> **DATA FOR REVIEW**
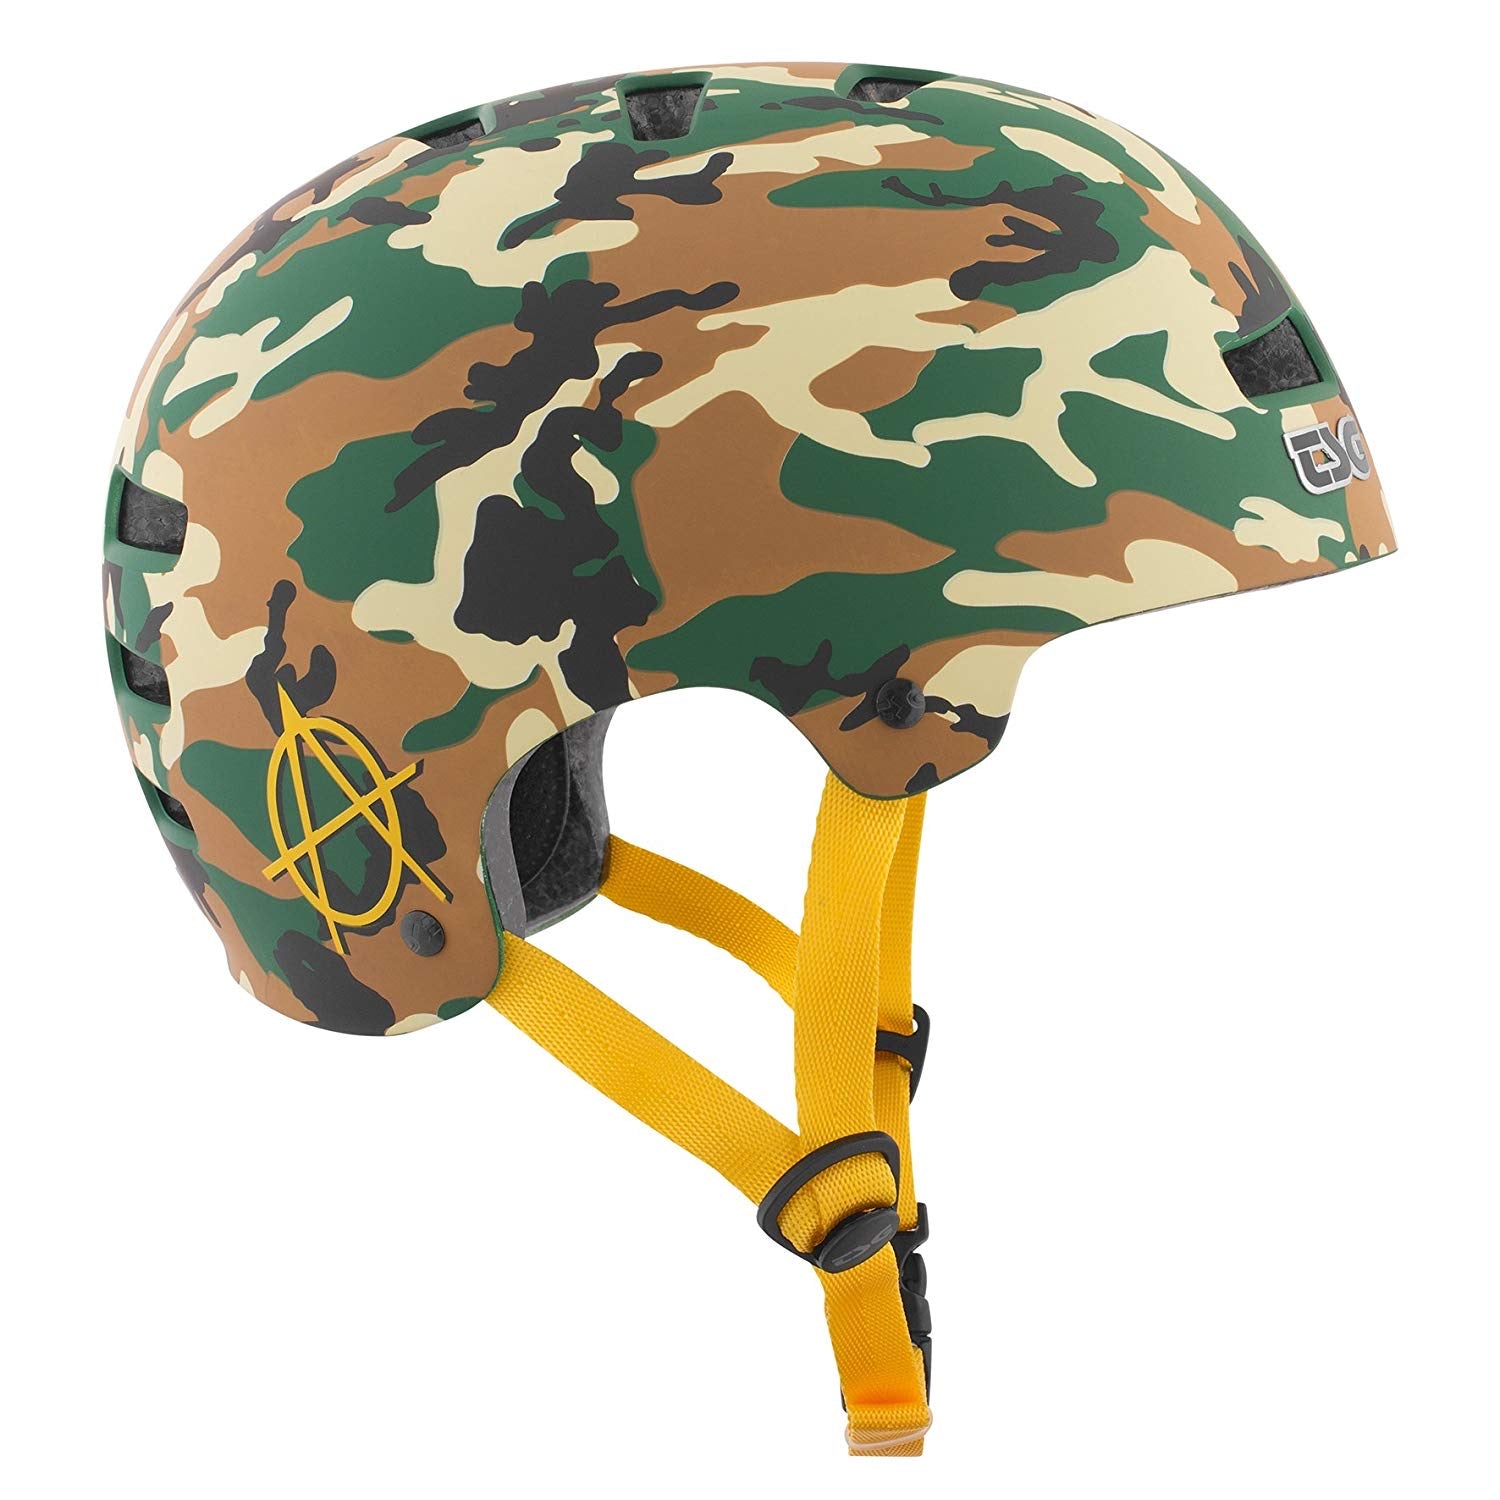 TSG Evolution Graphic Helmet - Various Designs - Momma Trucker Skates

...

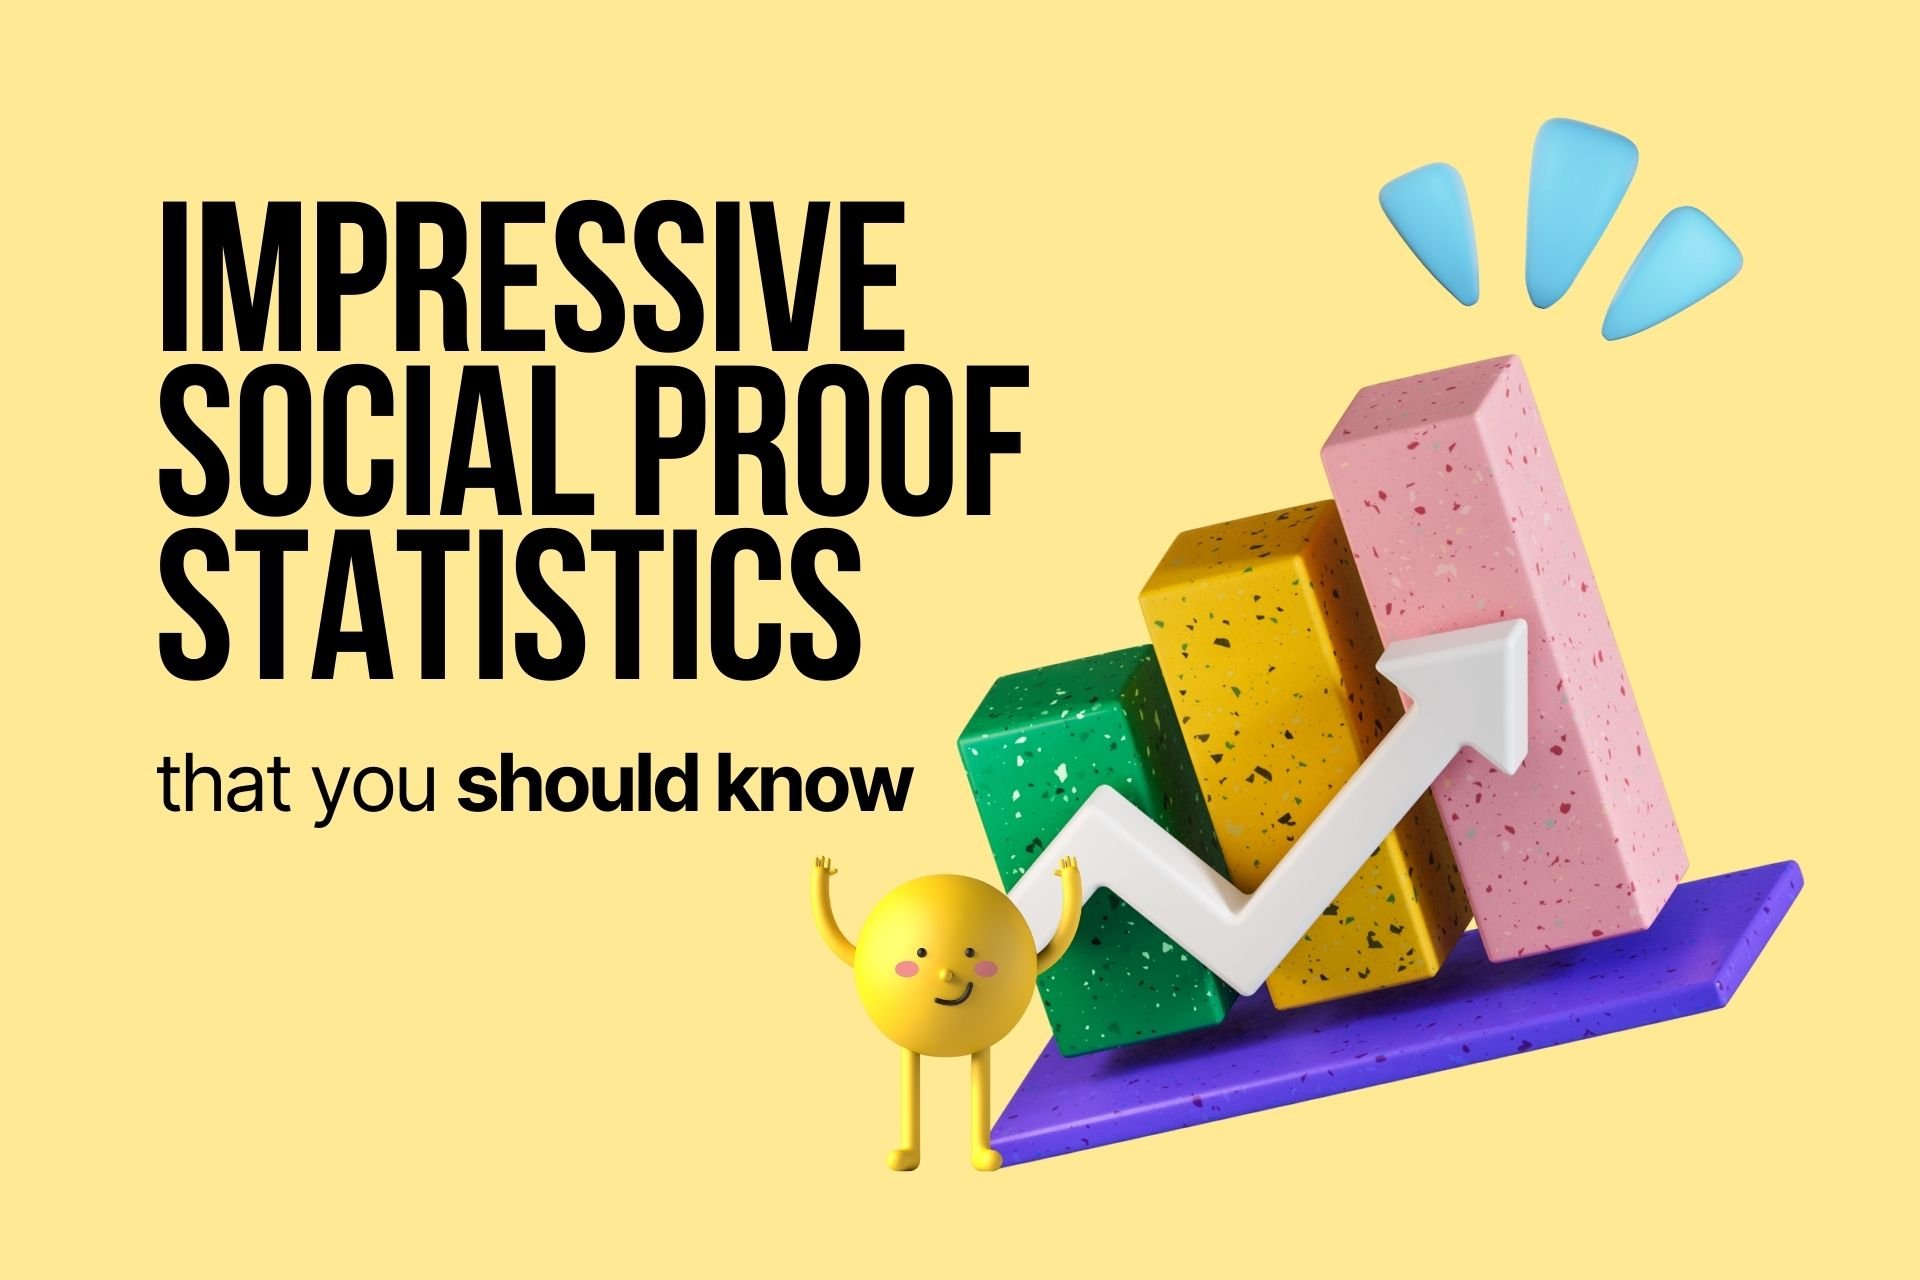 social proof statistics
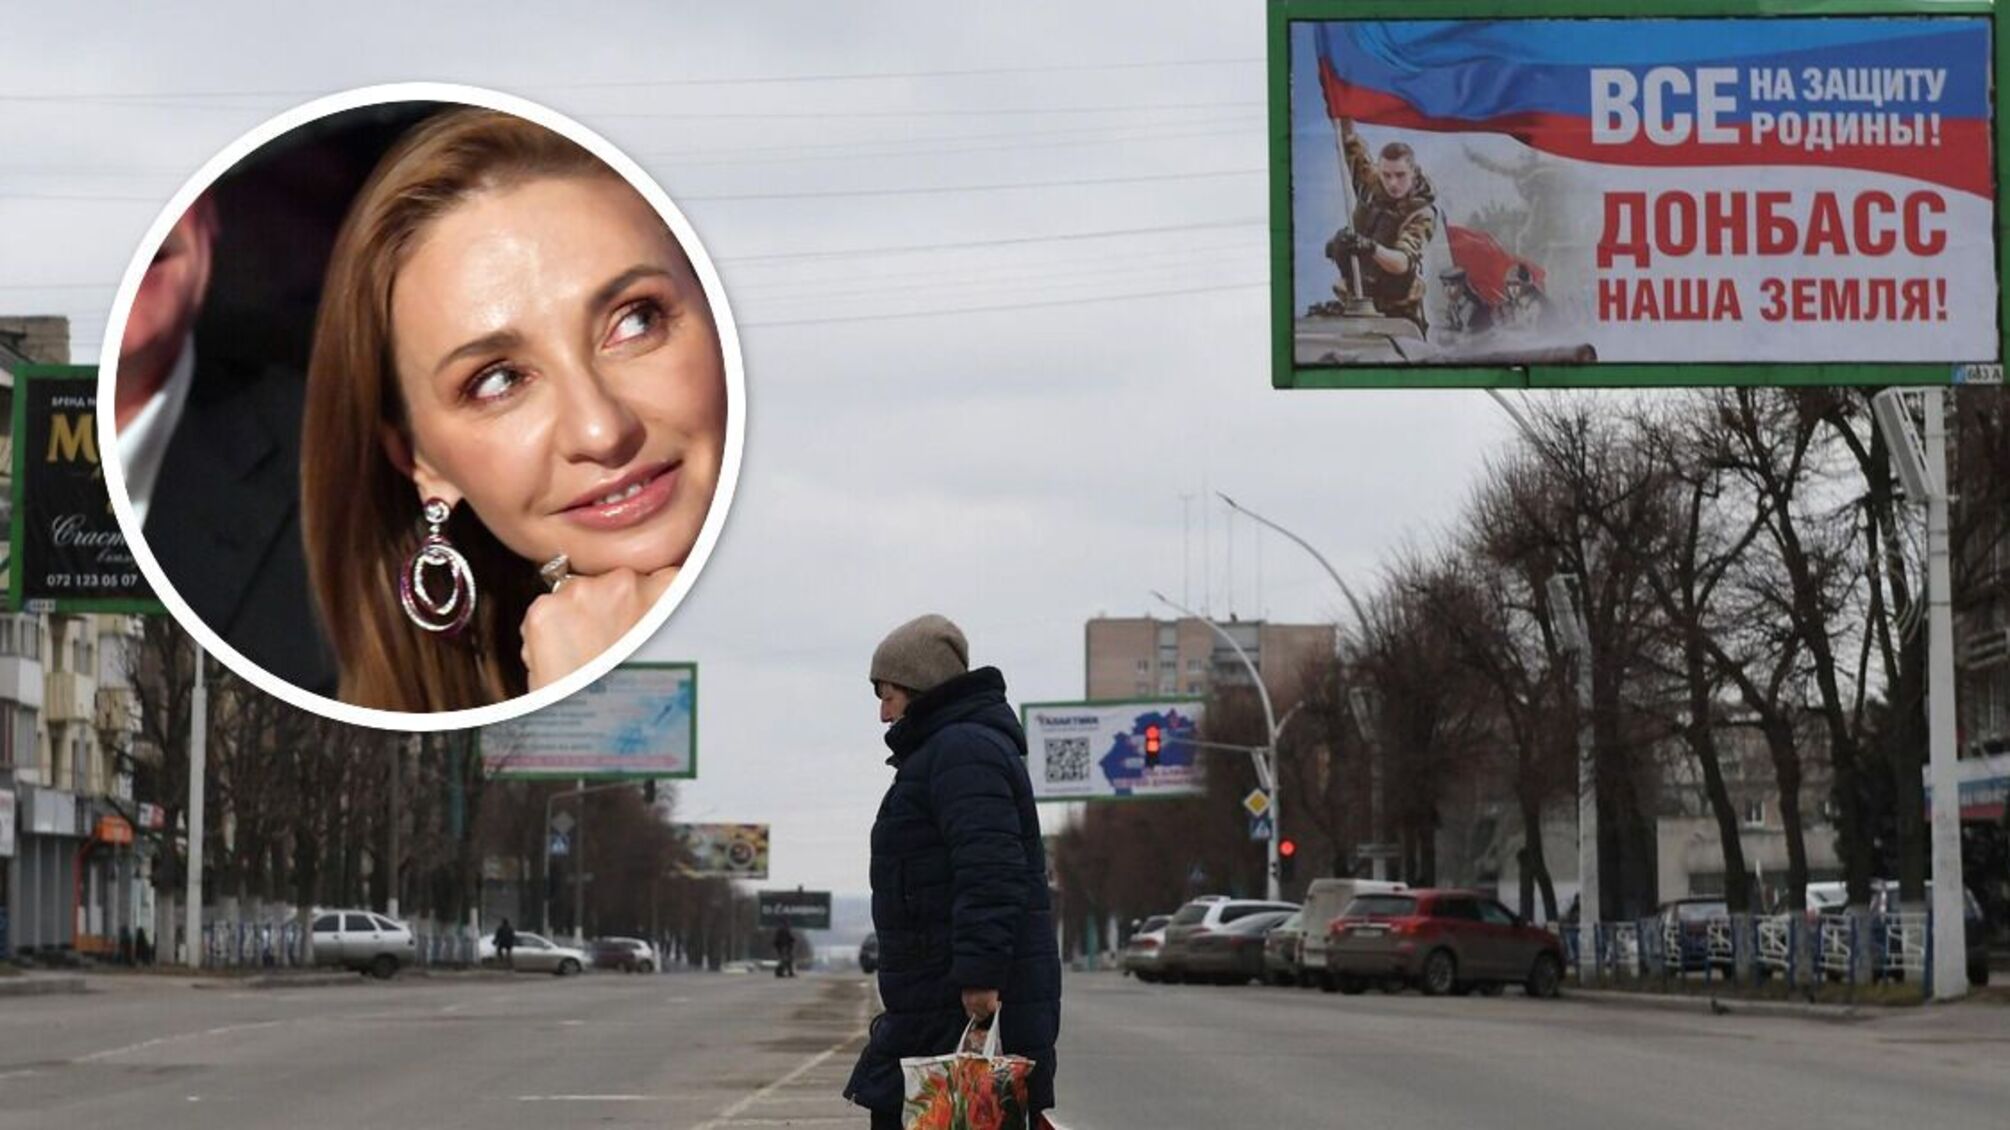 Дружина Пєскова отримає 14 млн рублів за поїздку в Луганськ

> **WHAT NEEDS TO BE DONE**
Leave out every picture, and copy exactly the lines above starting at the one holding "social proof statistics" and ending at the one holding "Дружина Пєскова отримає", no more and no less.

> **EXERCISE RESPONSE**
 social proof statistics
 Дружина Пєскова отримає 14 млн рублів за поїздку в Луганськ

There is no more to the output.